=== Exercise brief ===
Please repeat every record below exactly as written, but leave out the pictures.
....................
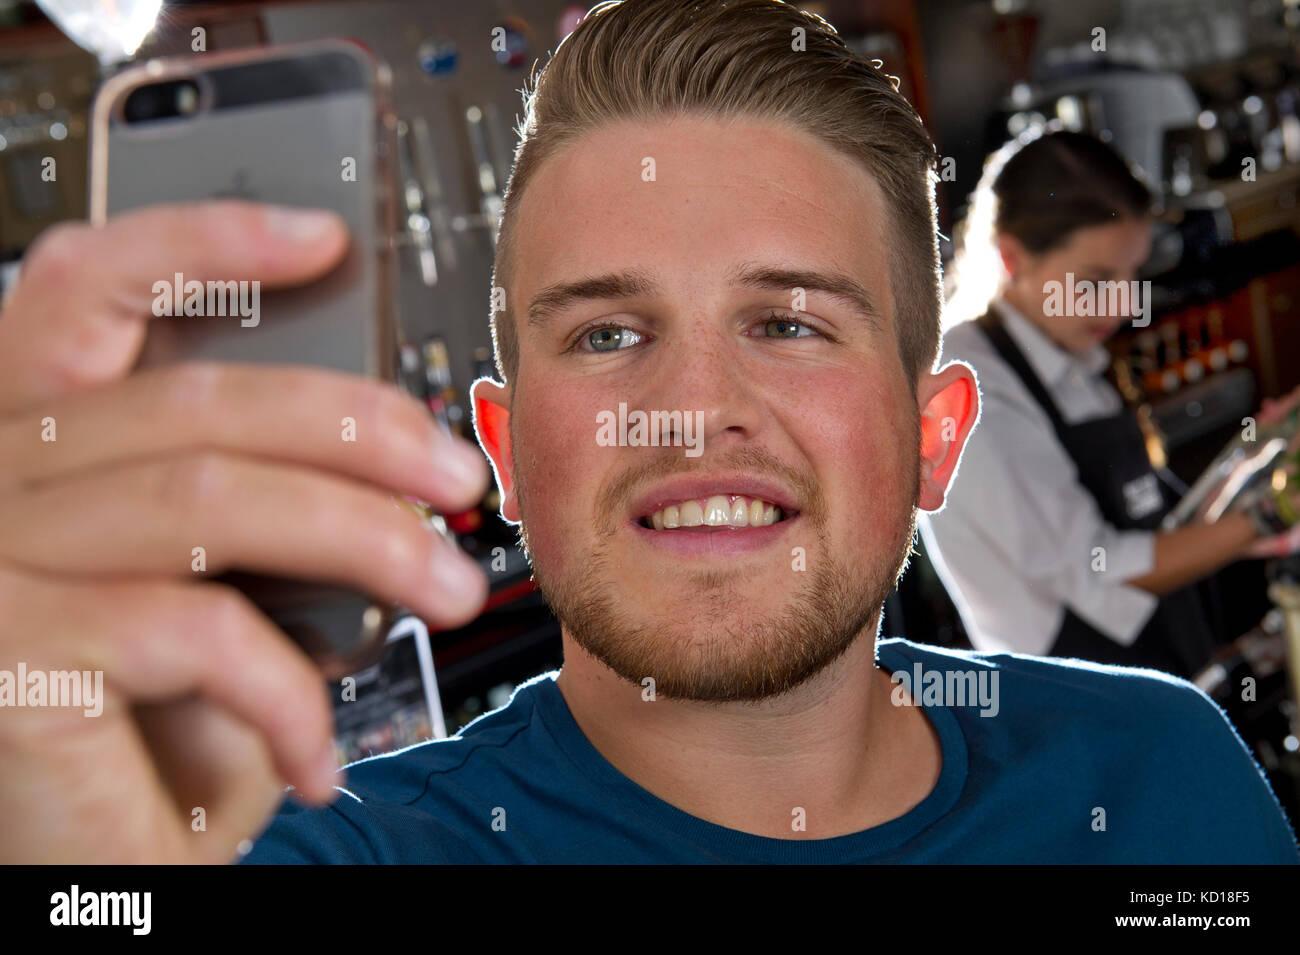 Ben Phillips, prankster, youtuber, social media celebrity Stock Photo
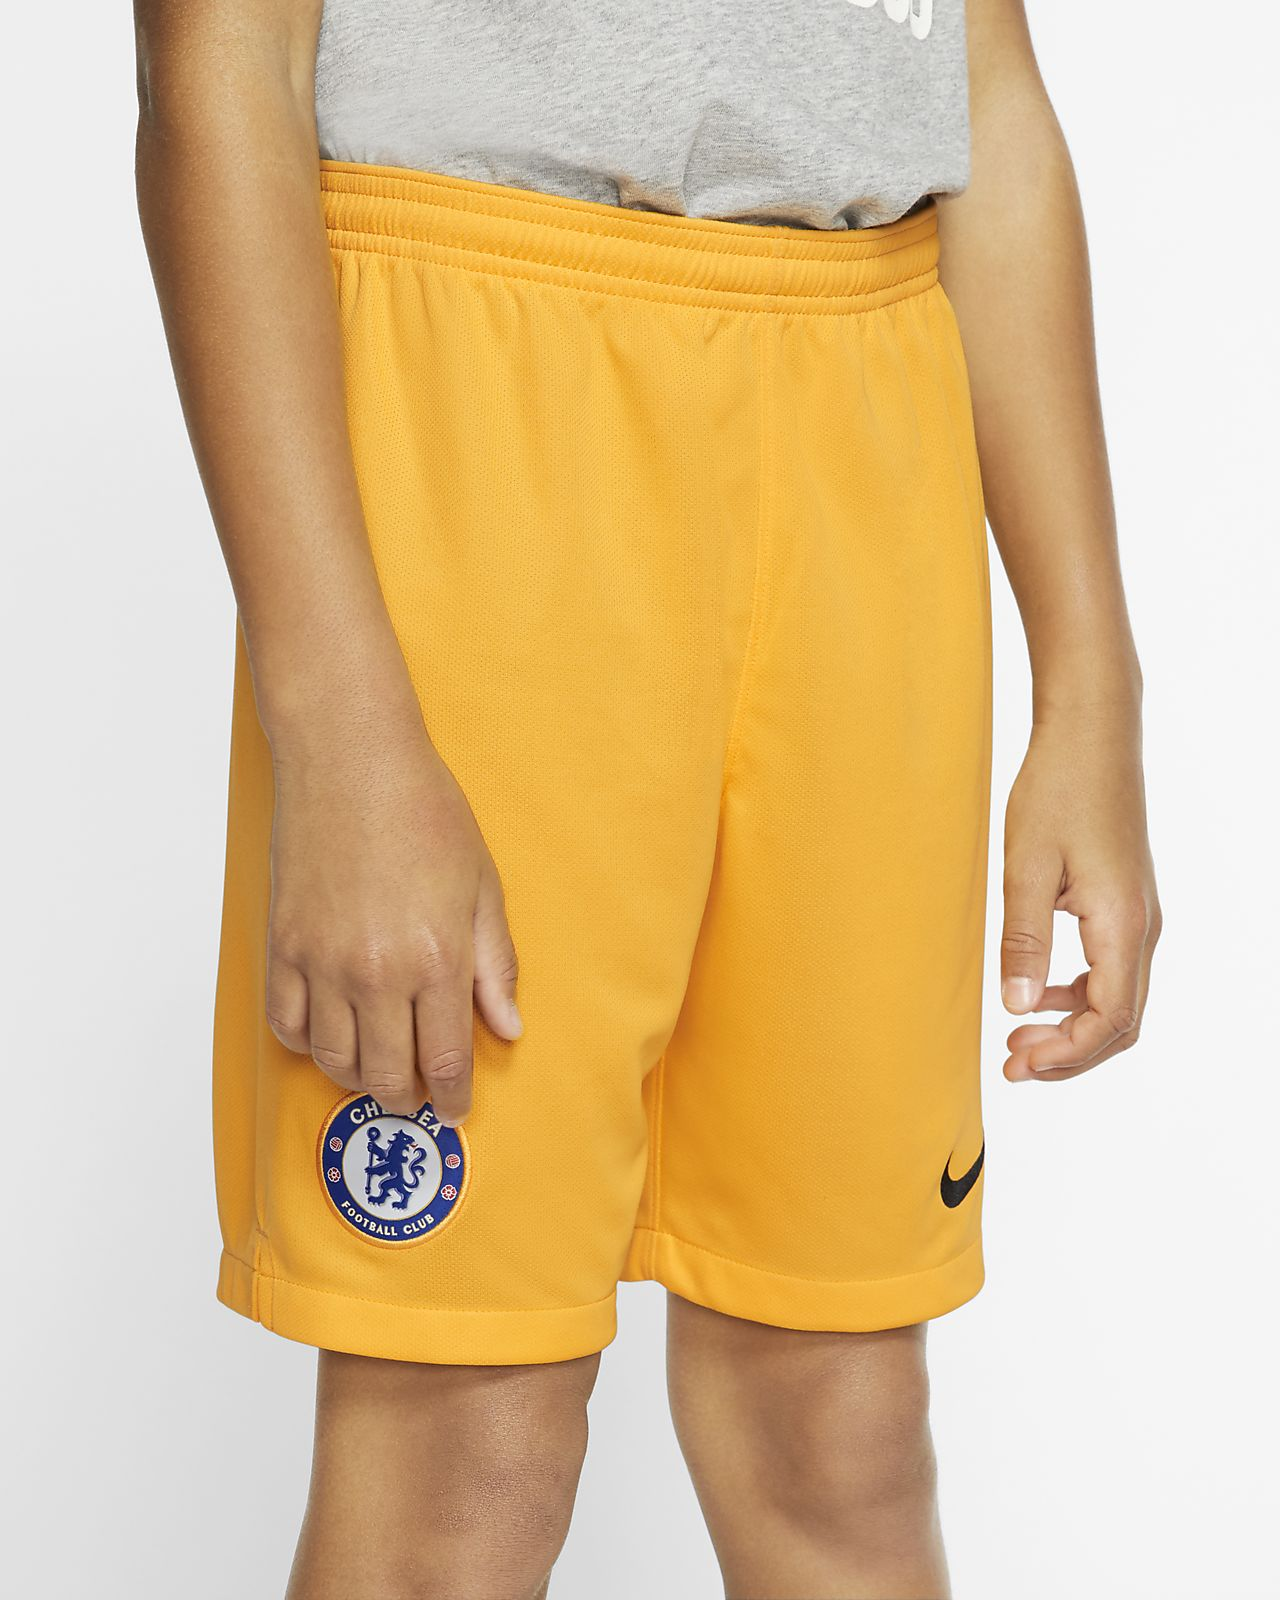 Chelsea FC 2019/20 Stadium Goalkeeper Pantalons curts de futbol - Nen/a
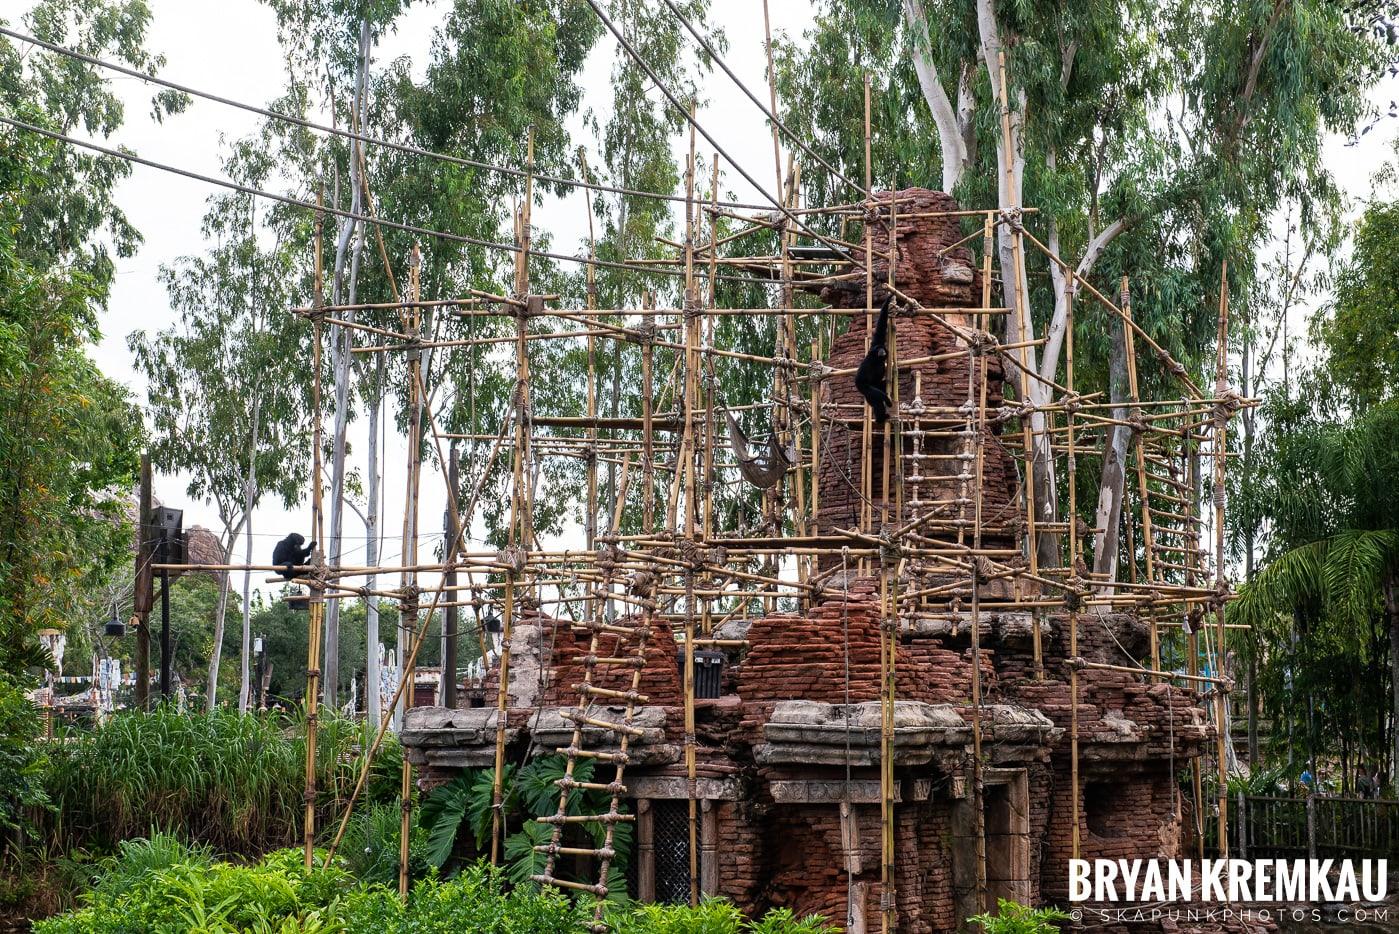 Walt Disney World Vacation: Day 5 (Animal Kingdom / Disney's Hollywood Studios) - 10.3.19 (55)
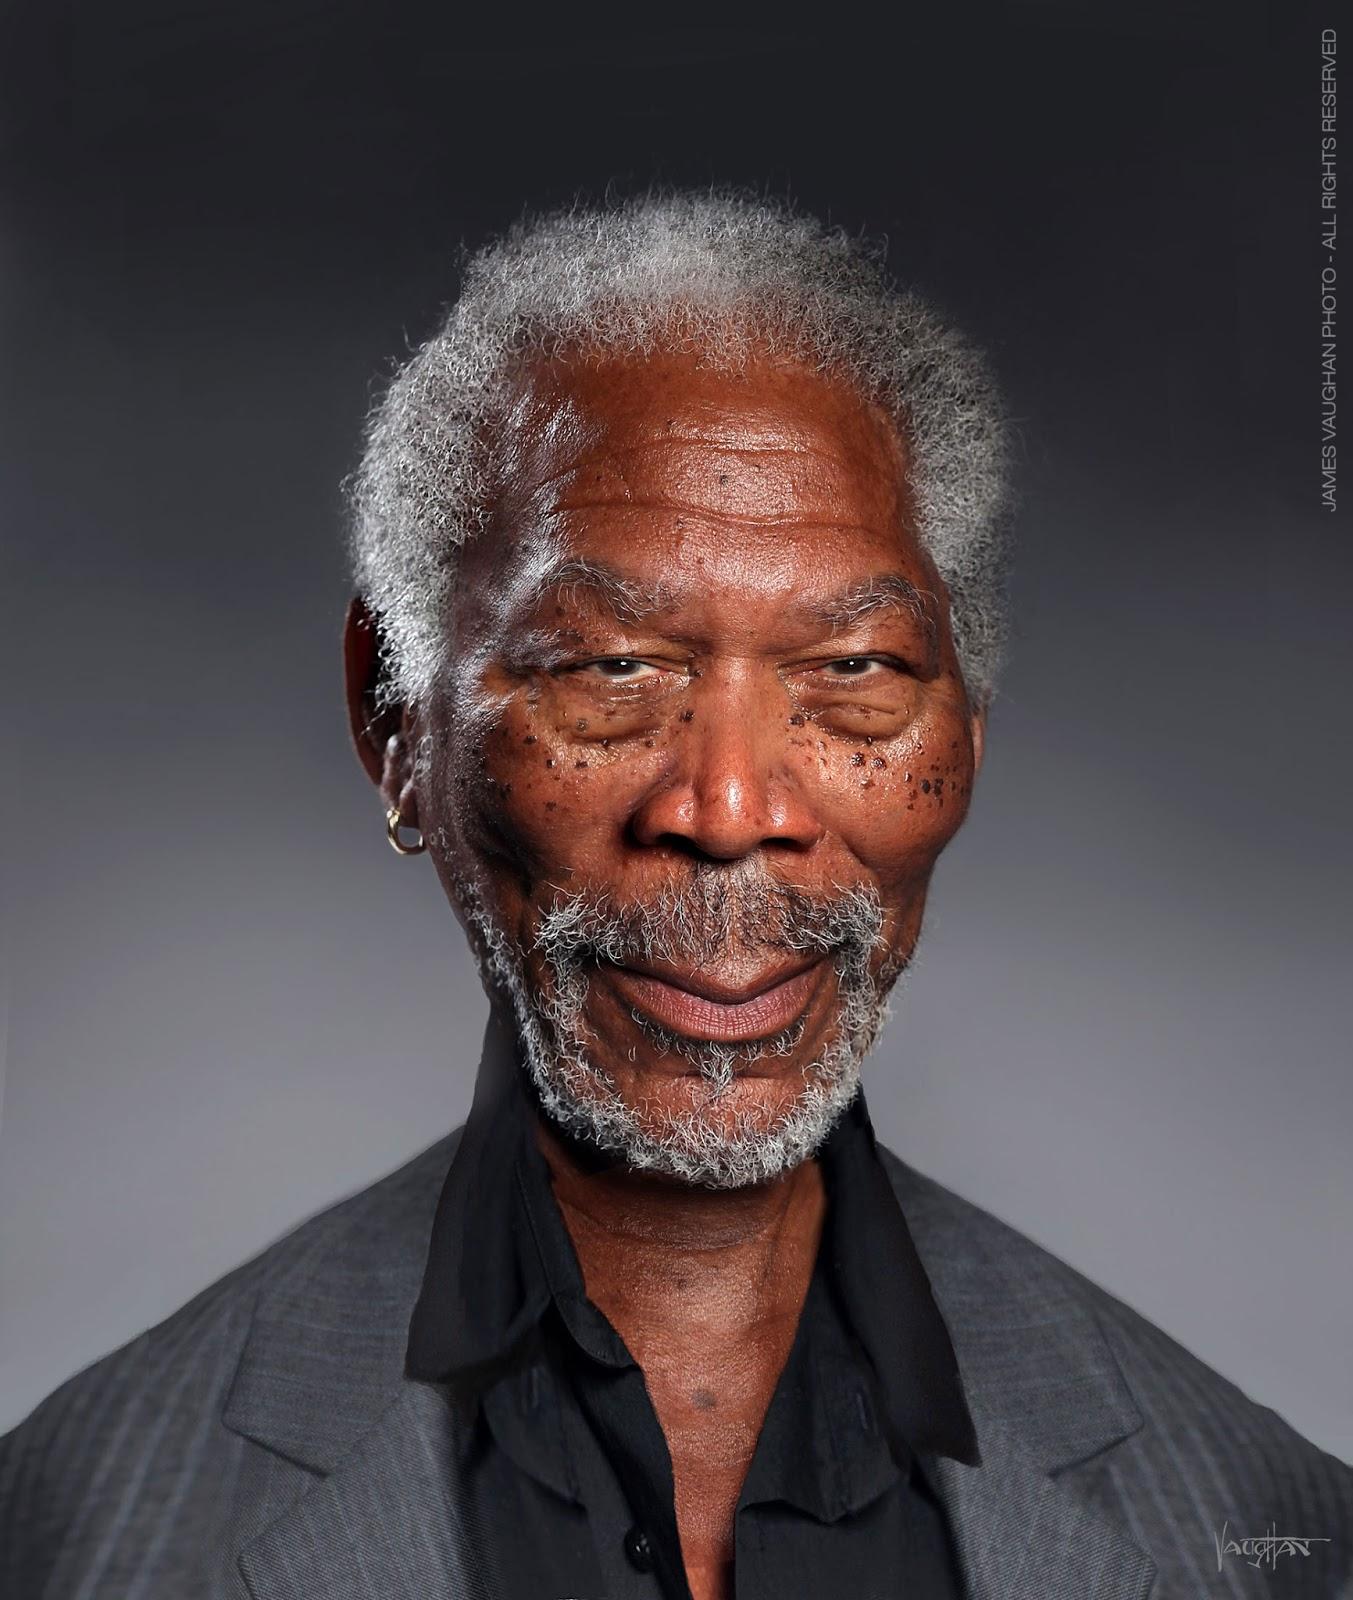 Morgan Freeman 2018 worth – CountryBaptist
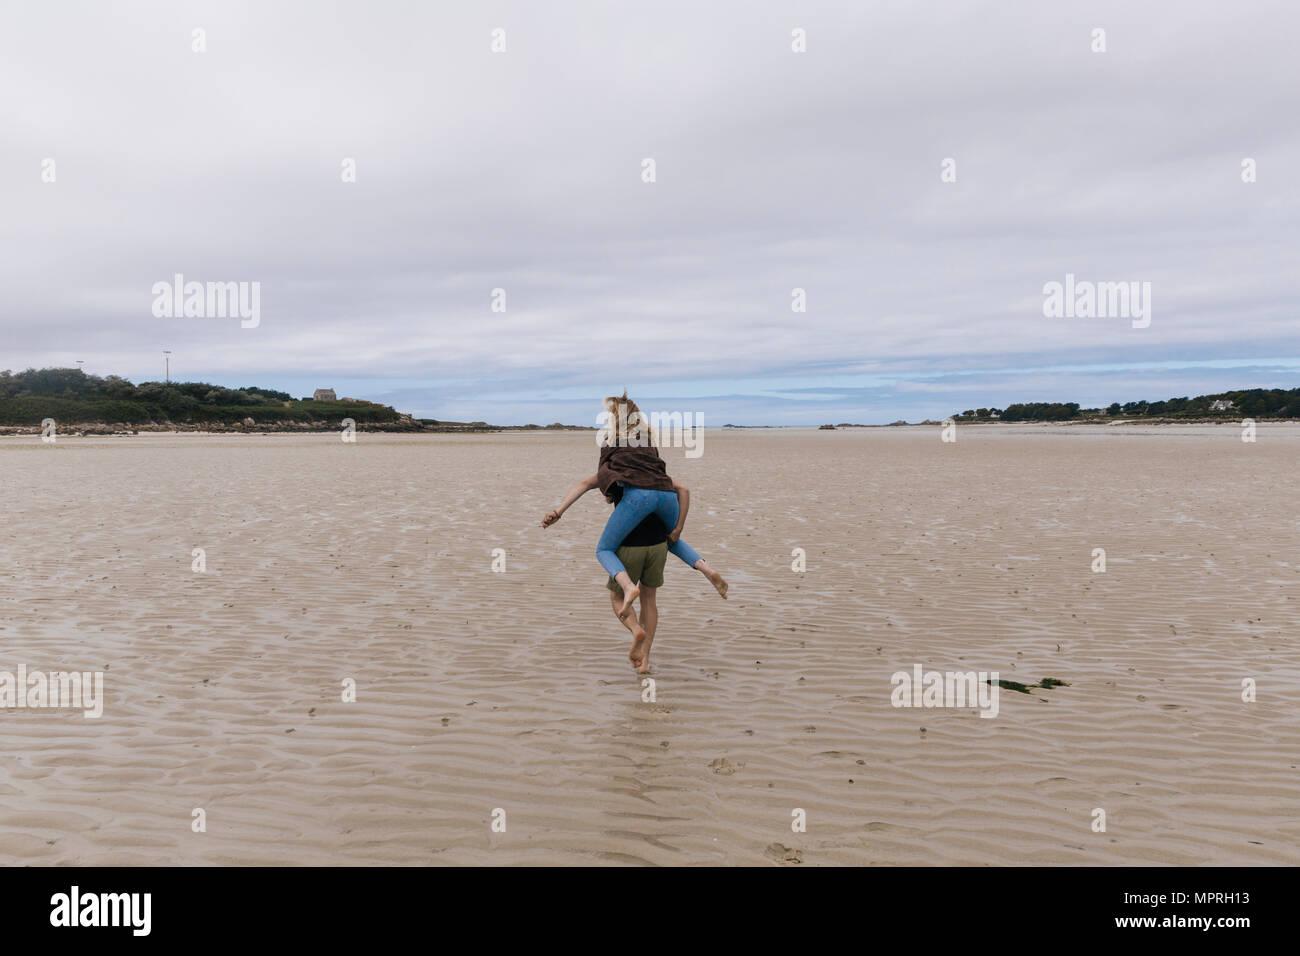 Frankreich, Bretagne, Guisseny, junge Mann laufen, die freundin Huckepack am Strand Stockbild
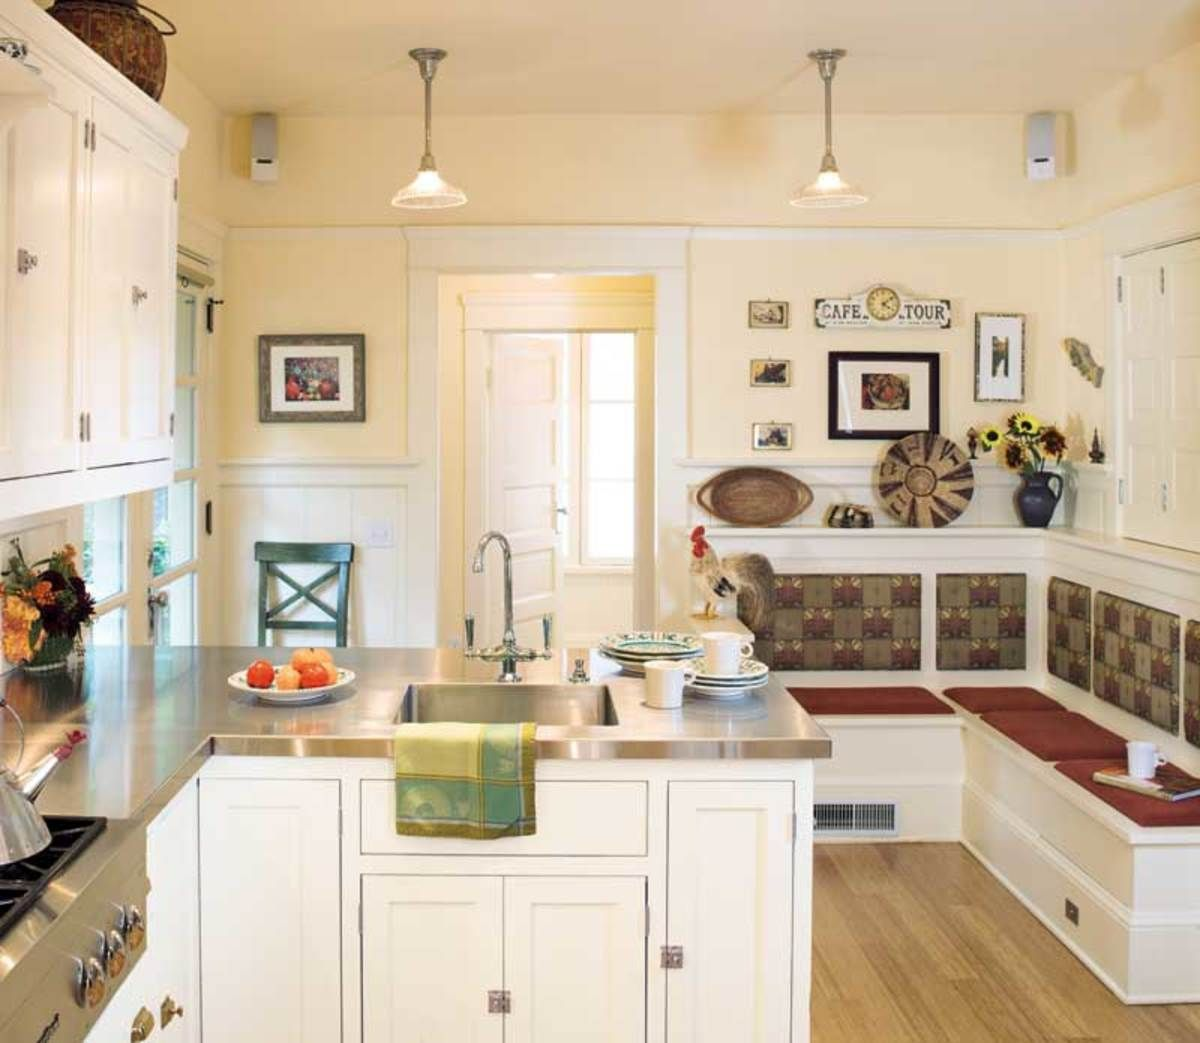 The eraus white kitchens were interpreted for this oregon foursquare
....................
=== Response ===
 Ben Phillips, prankster, youtuber, social media celebrity Stock Photo
 Chelsea FC 2019/20 Stadium Goalkeeper Pantalons curts de futbol - Nen/a
 Walt Disney World Vacation: Day 5 (Animal Kingdom / Disney's Hollywood Studios) - 10.3.19 (55)
 Morgan Freeman 2018 worth – CountryBaptist
 Frankreich, Bretagne, Guisseny, junge Mann laufen, die freundin Huckepack am Strand Stockbild
 The eraus white kitchens were interpreted for this oregon foursquare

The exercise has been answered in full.